--- Records shown Enclosed Below ---
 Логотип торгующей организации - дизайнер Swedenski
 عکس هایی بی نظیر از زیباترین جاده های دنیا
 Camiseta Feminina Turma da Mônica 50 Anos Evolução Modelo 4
--- End of Enclosed Records shown ---
--- Records shown Enclosed Below ---
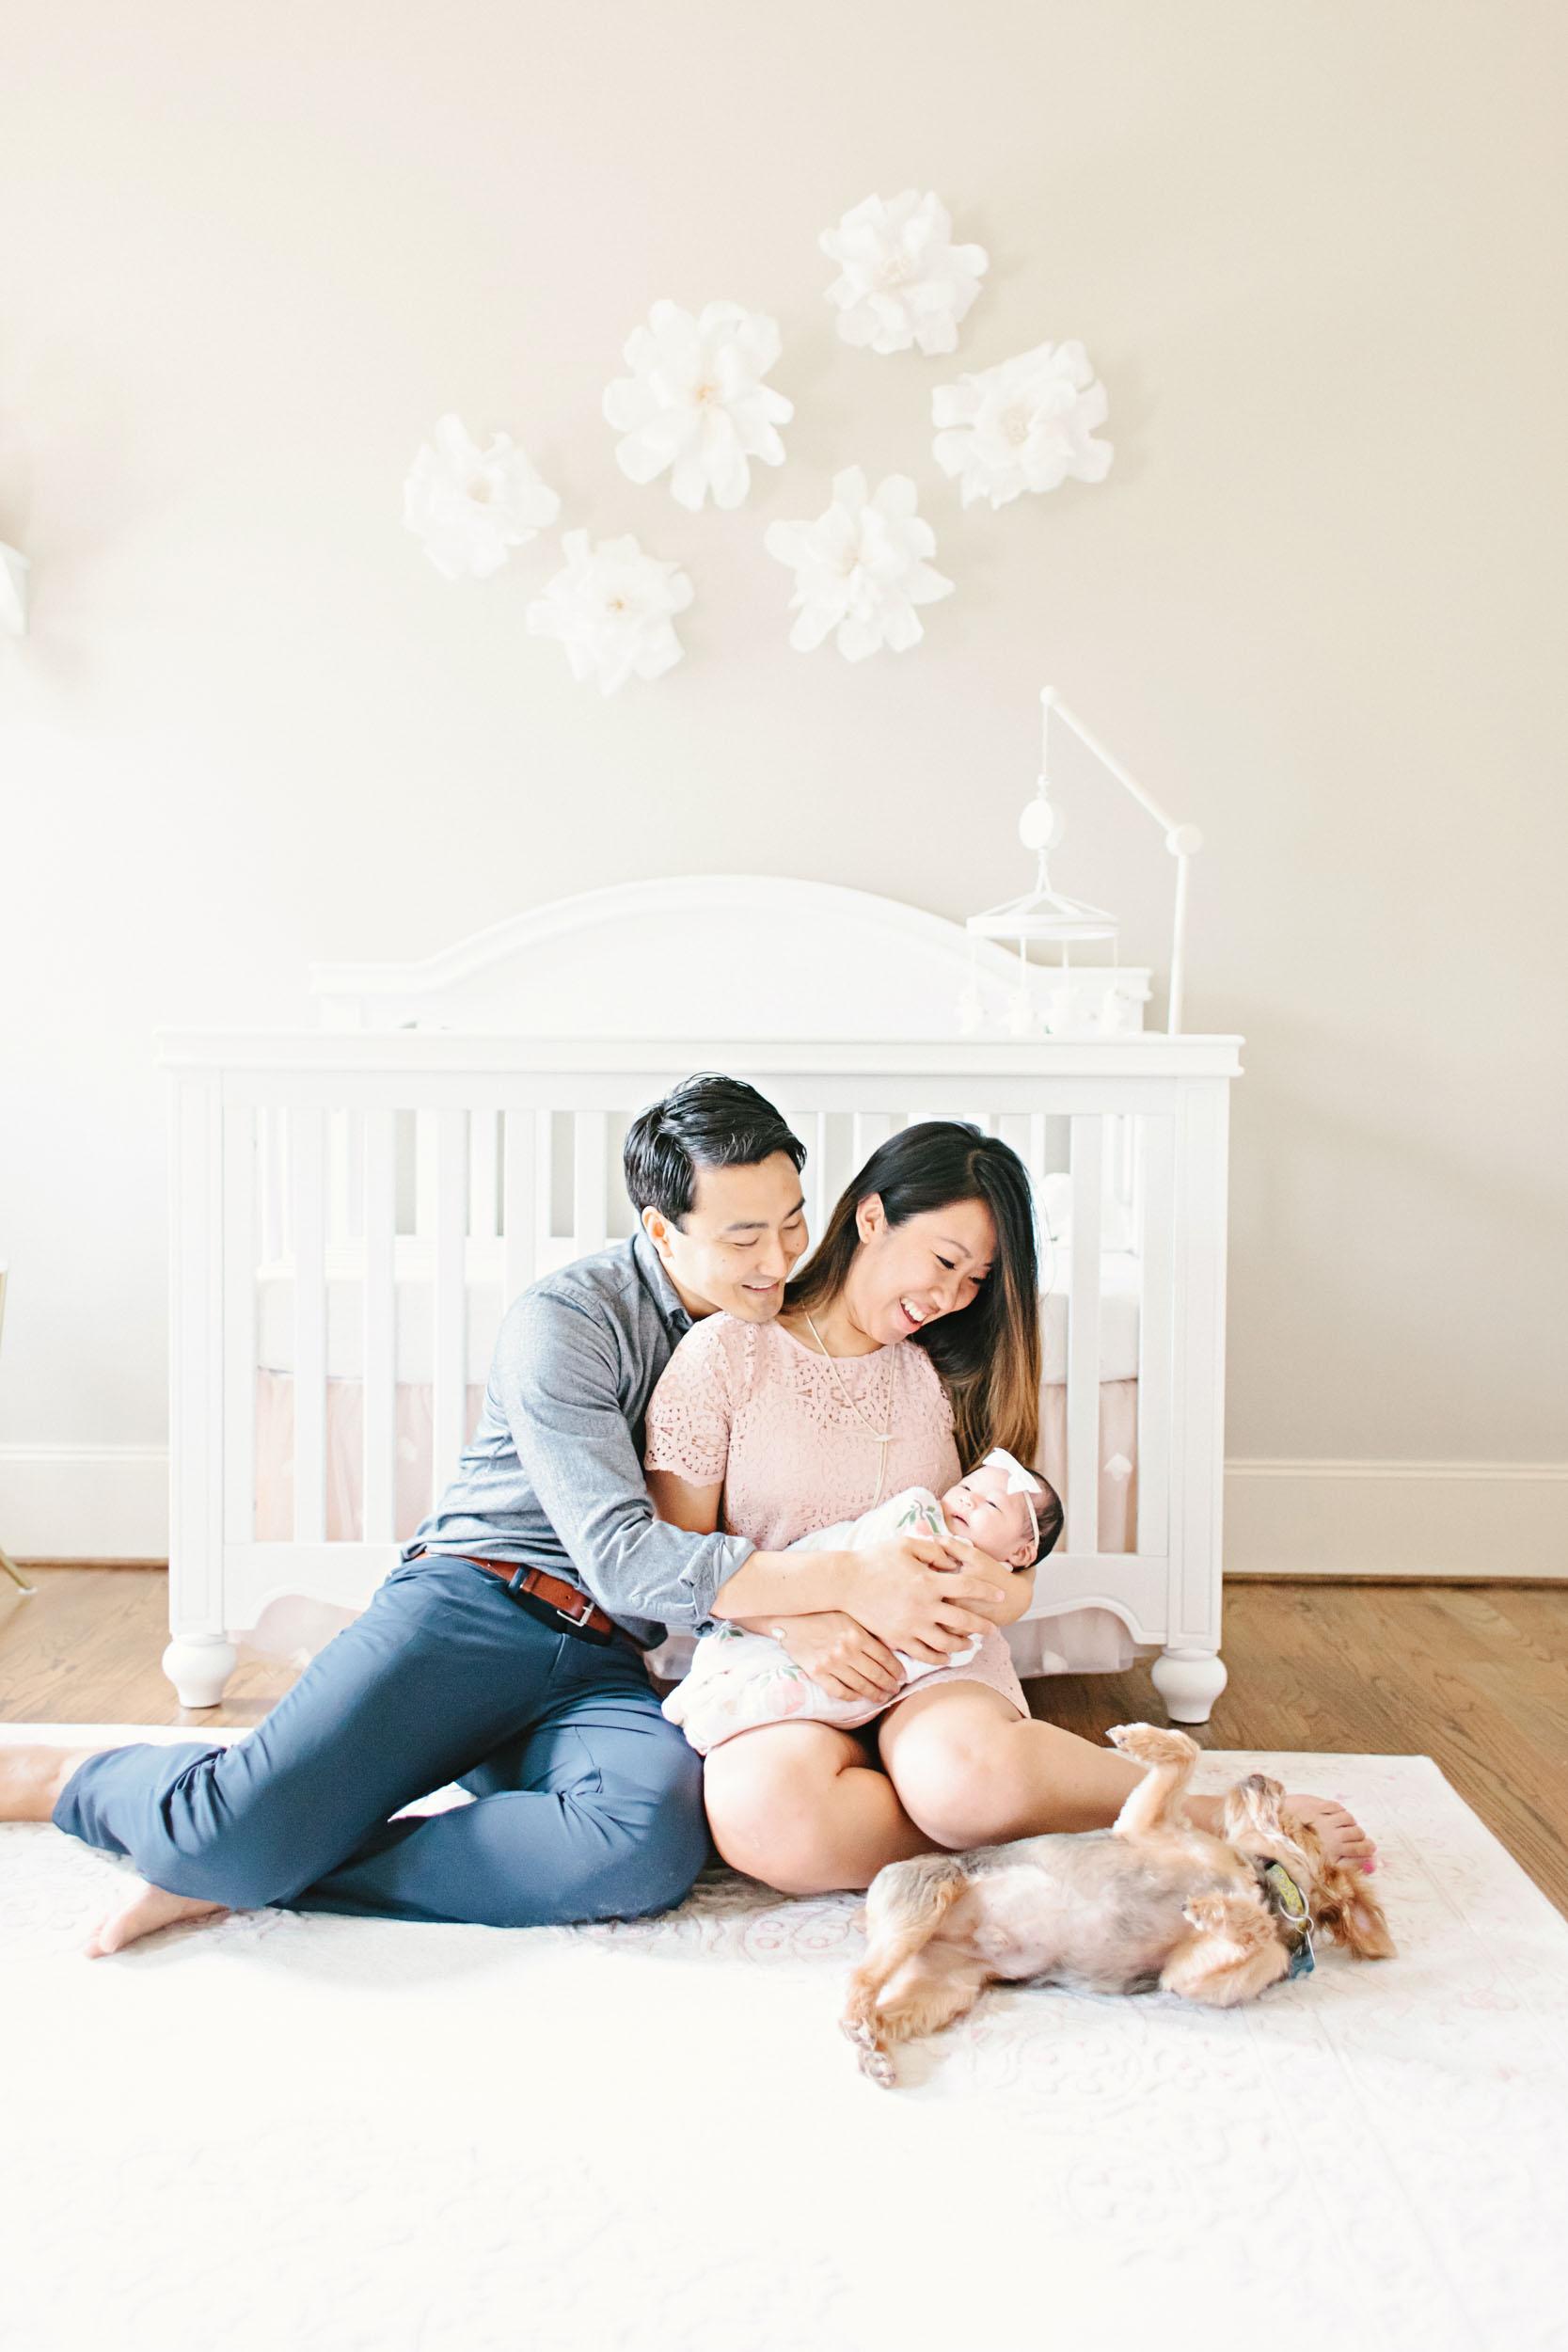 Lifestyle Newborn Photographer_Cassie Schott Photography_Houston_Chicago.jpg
--- End of Enclosed Records shown ---
> **Instructions for the task**
Above this instruction are the records; retype exactly the lines from the one containing "عکس هایی بی نظیر از زیباترین جاده های دنیا" up to and including the one containing "Camiseta Feminina Turma".

> **Task output**
 عکس هایی بی نظیر از زیباترین جاده های دنیا
 Camiseta Feminina Turma da Mônica 50 Anos Evolução Modelo 4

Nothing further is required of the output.